**Task:**
Quote the entries word for word. Omit the pictures.

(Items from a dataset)
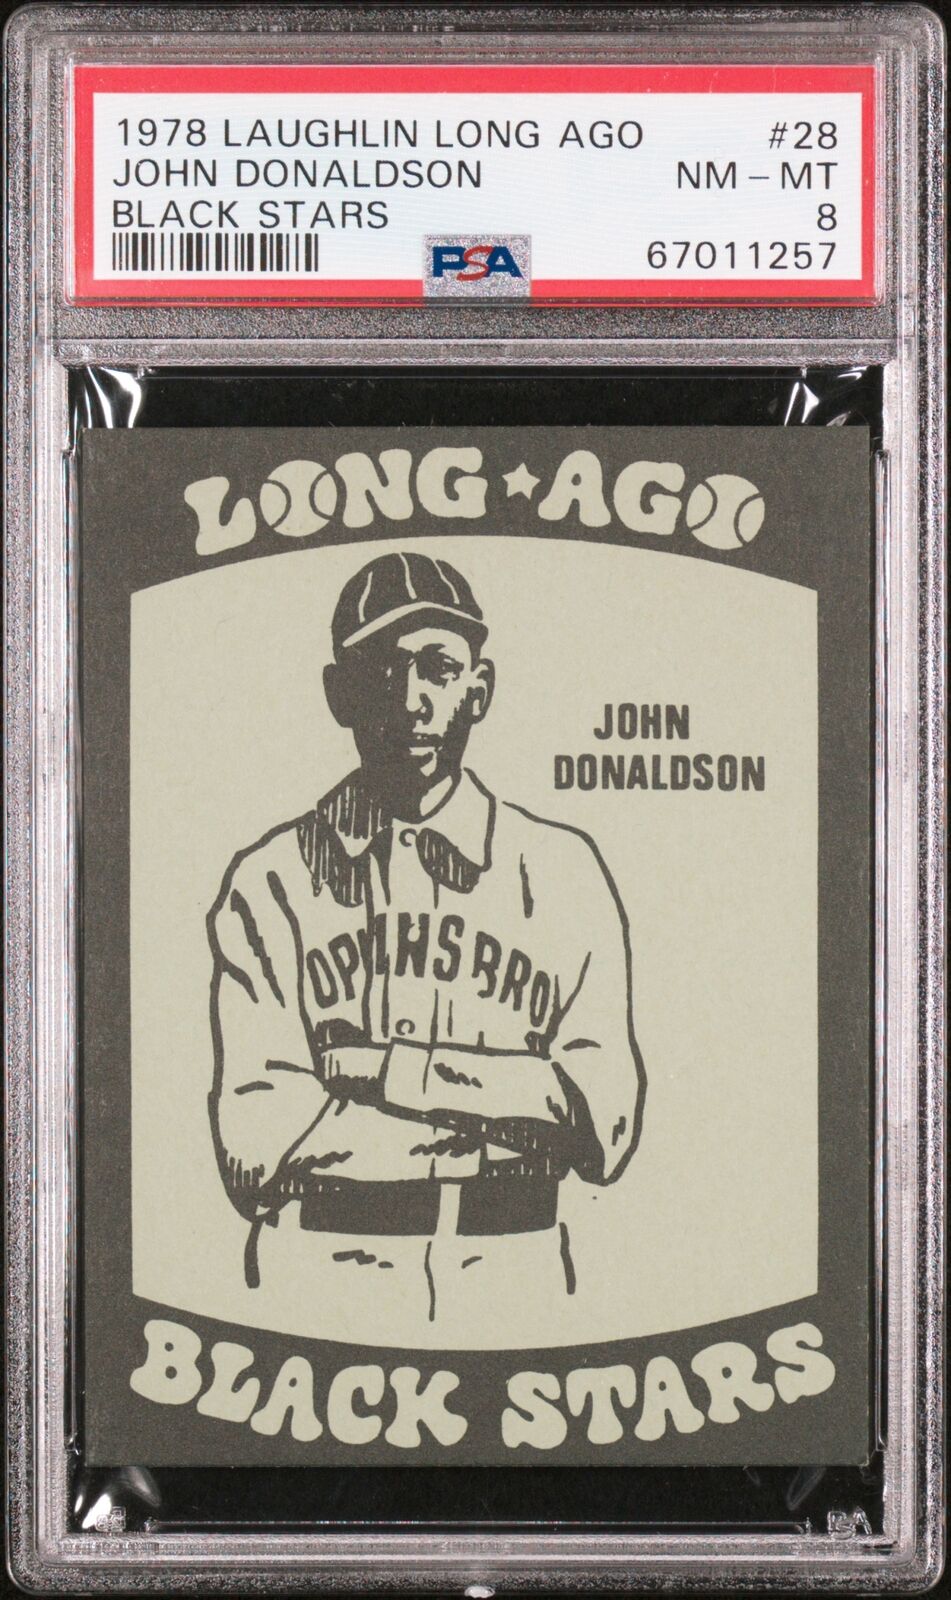 1978 Laughlin Long Ago Black Stars John Donaldson #28 PSA 8
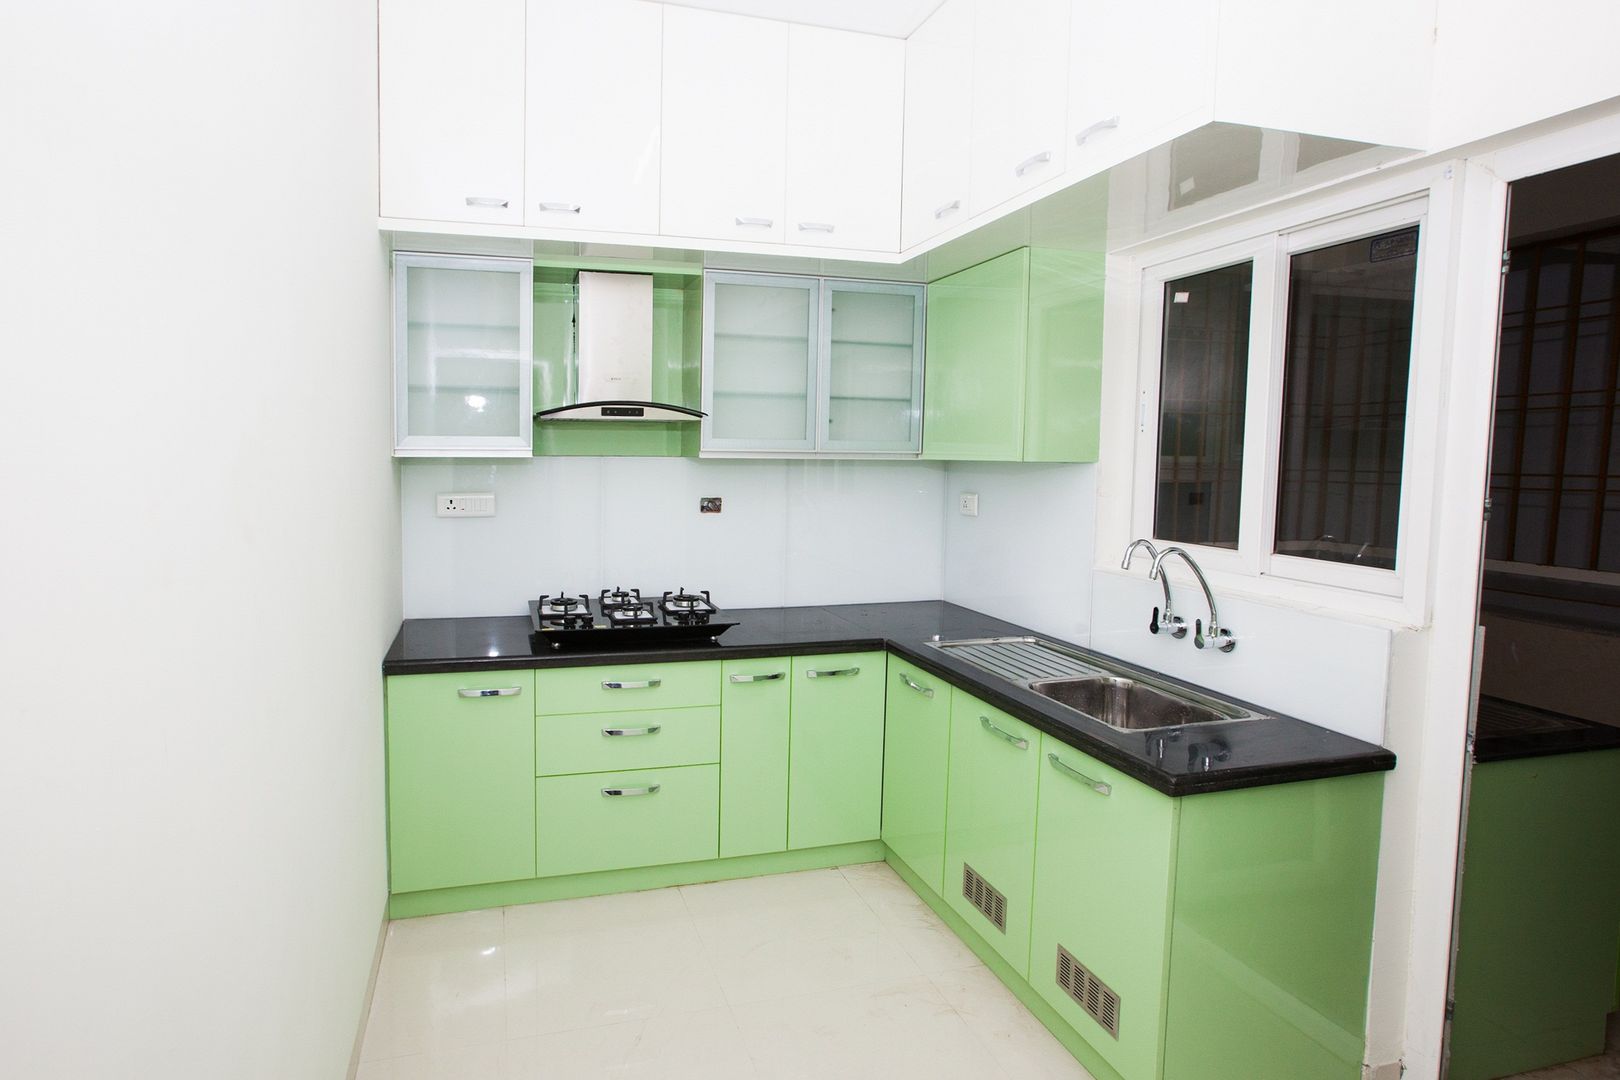 Kitchen with Lacquered Glass Backsplash Studio Ipsa Kitchen units
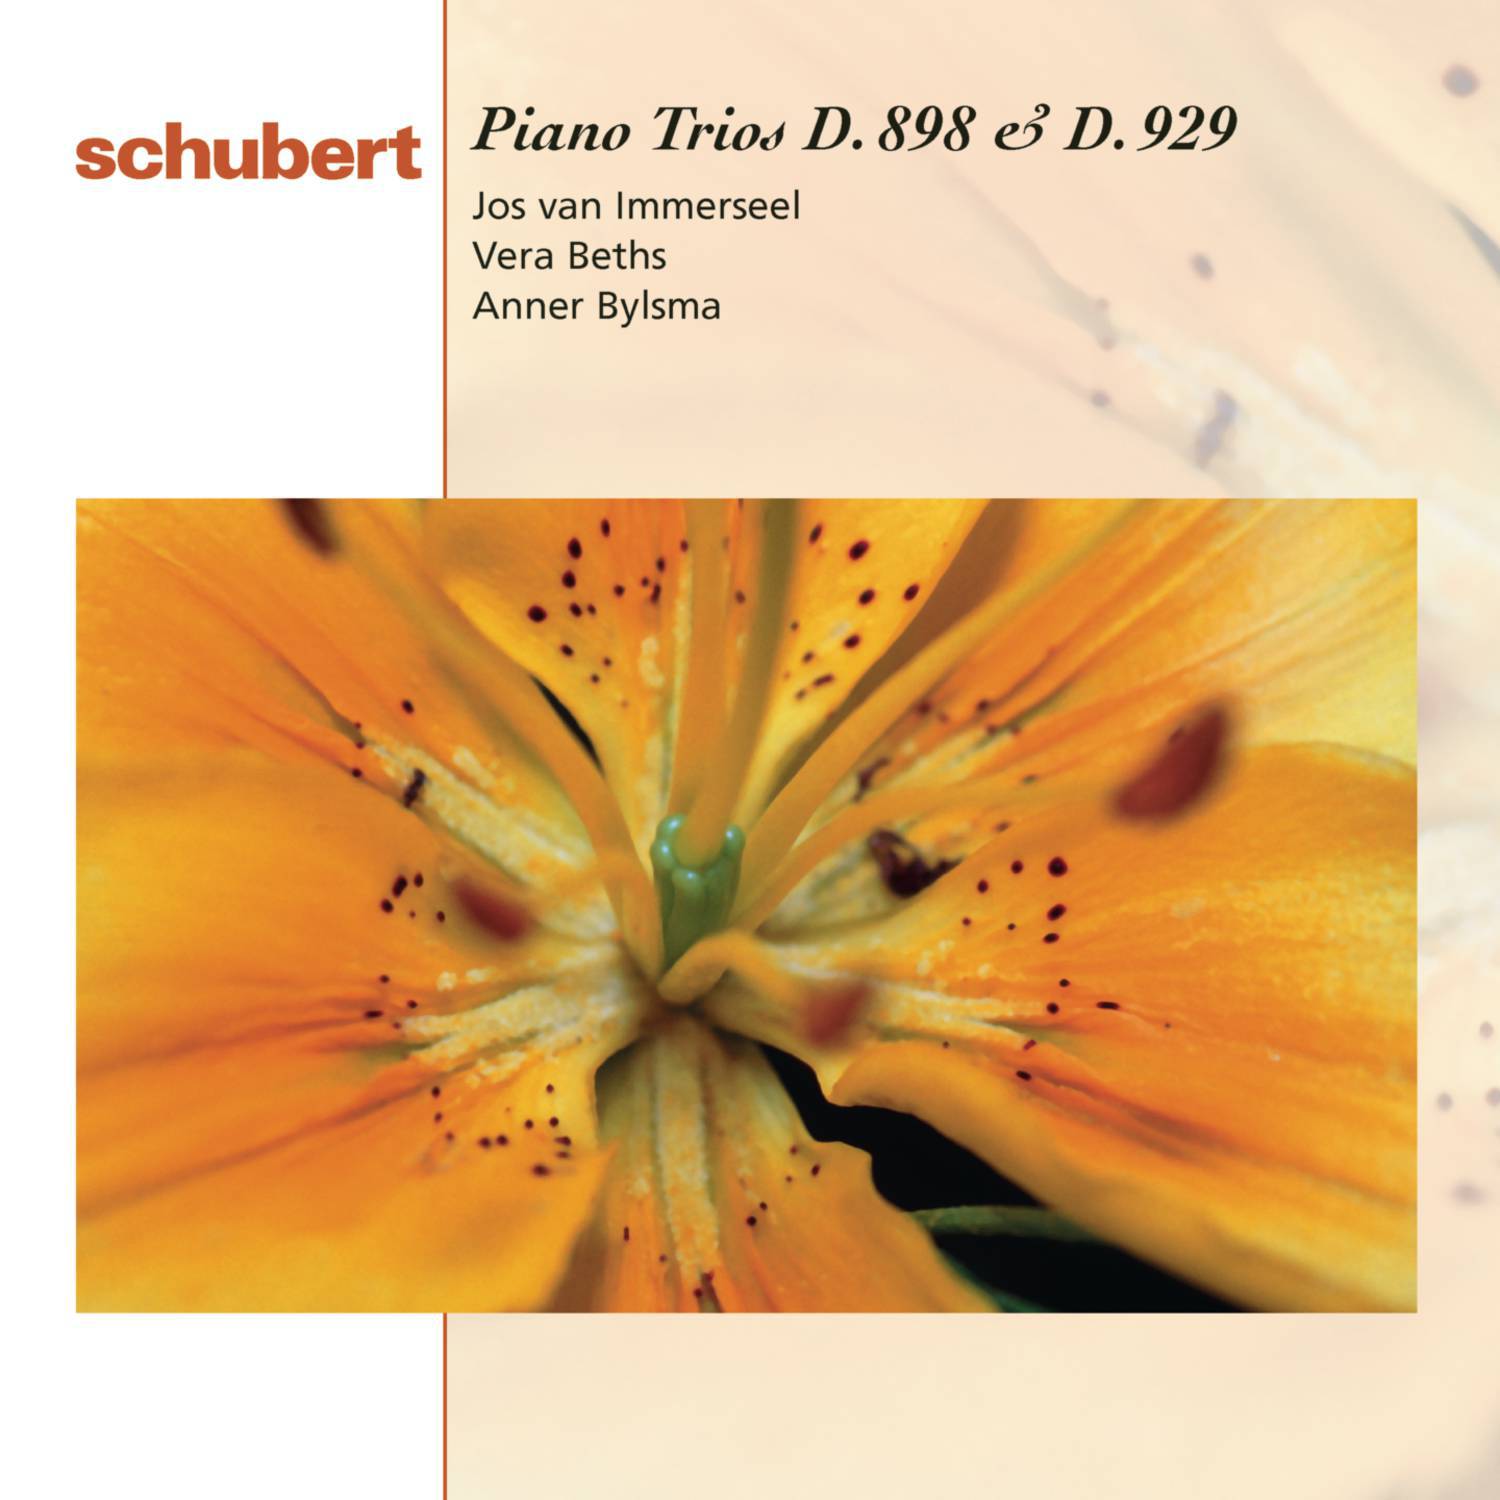 Piano Trio No. 1 in B-Flat Major, D. 898, Op. 99: I. Allegro moderato
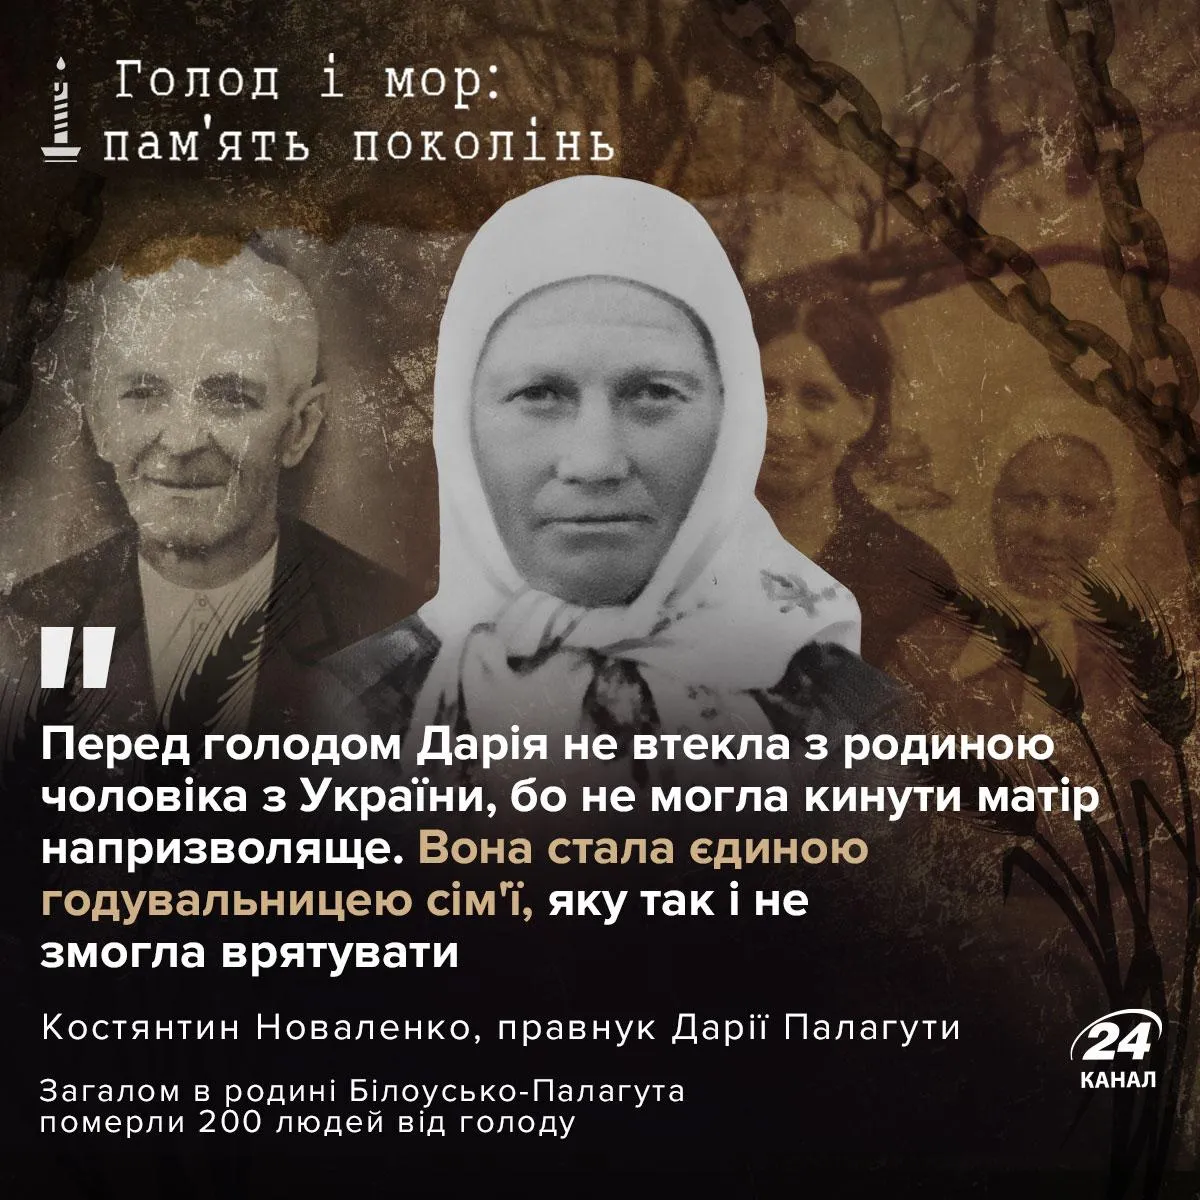 Дарина – єдина дитина Білоуськів, яка залишилася в Україні і пережила голодомор
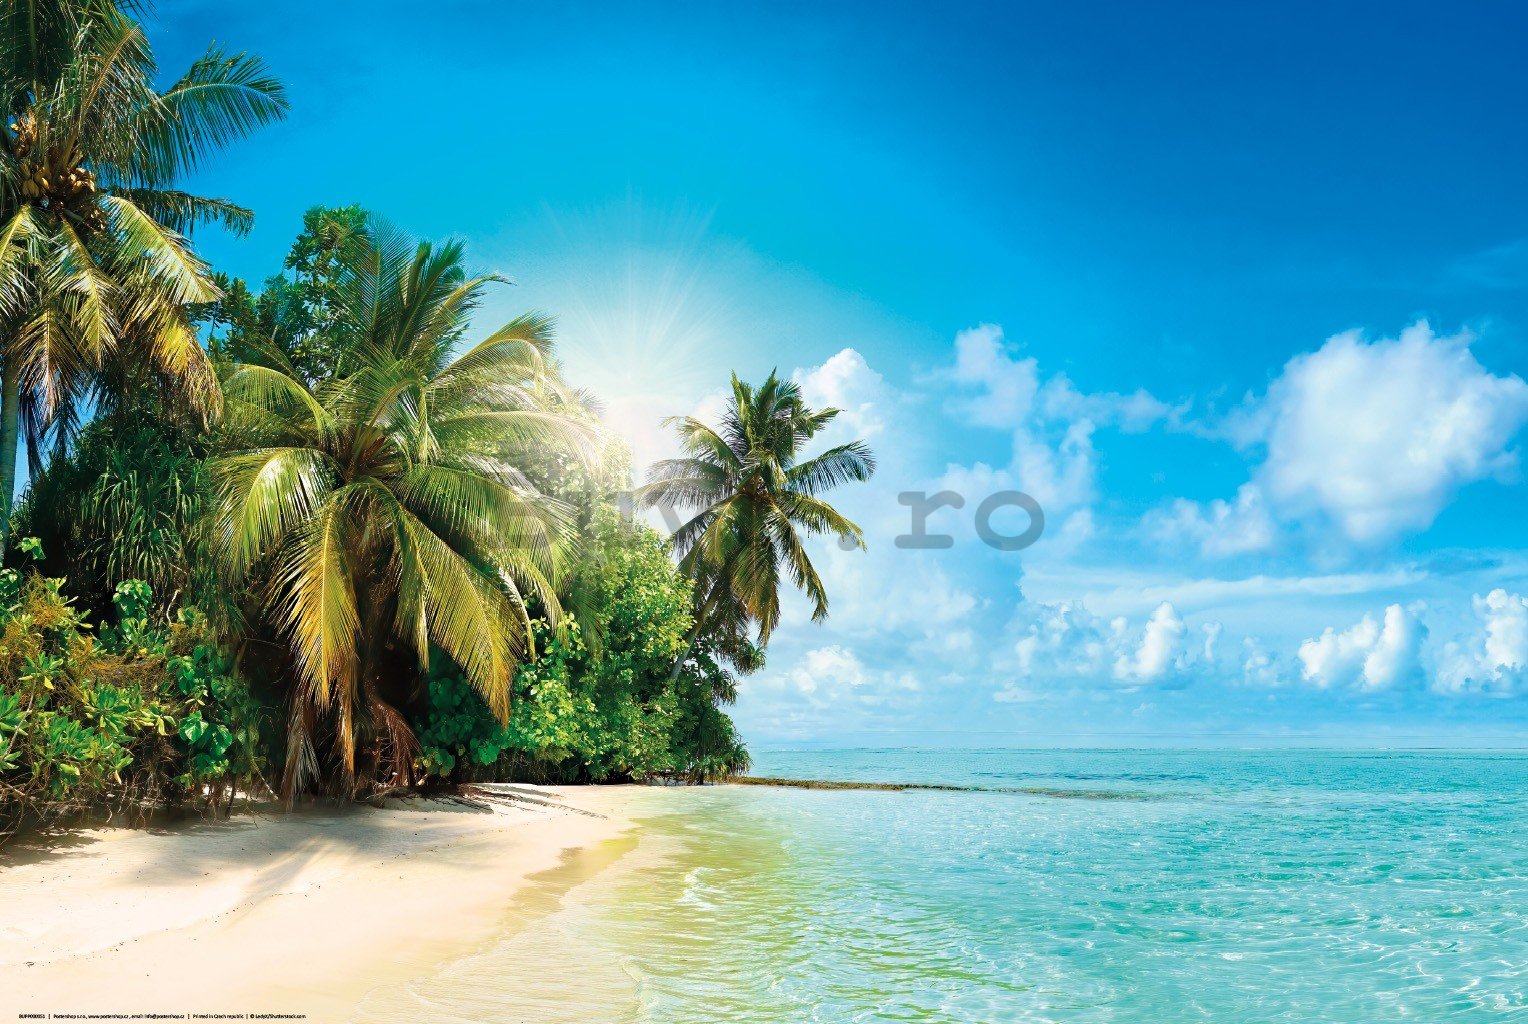 Poster: Plaja tropicală însorită

**Task solution:**
 1978 Laughlin Long Ago Black Stars John Donaldson #28 PSA 8
 Kitchen with Lacquered Glass Backsplash Studio Ipsa Kitchen units
 Piano Trio No. 1 in B-Flat Major, D. 898, Op. 99: I. Allegro moderato
 Дарина – єдина дитина Білоуськів, яка залишилася в Україні і пережила голодомор
 Poster: Plaja tropicală însorită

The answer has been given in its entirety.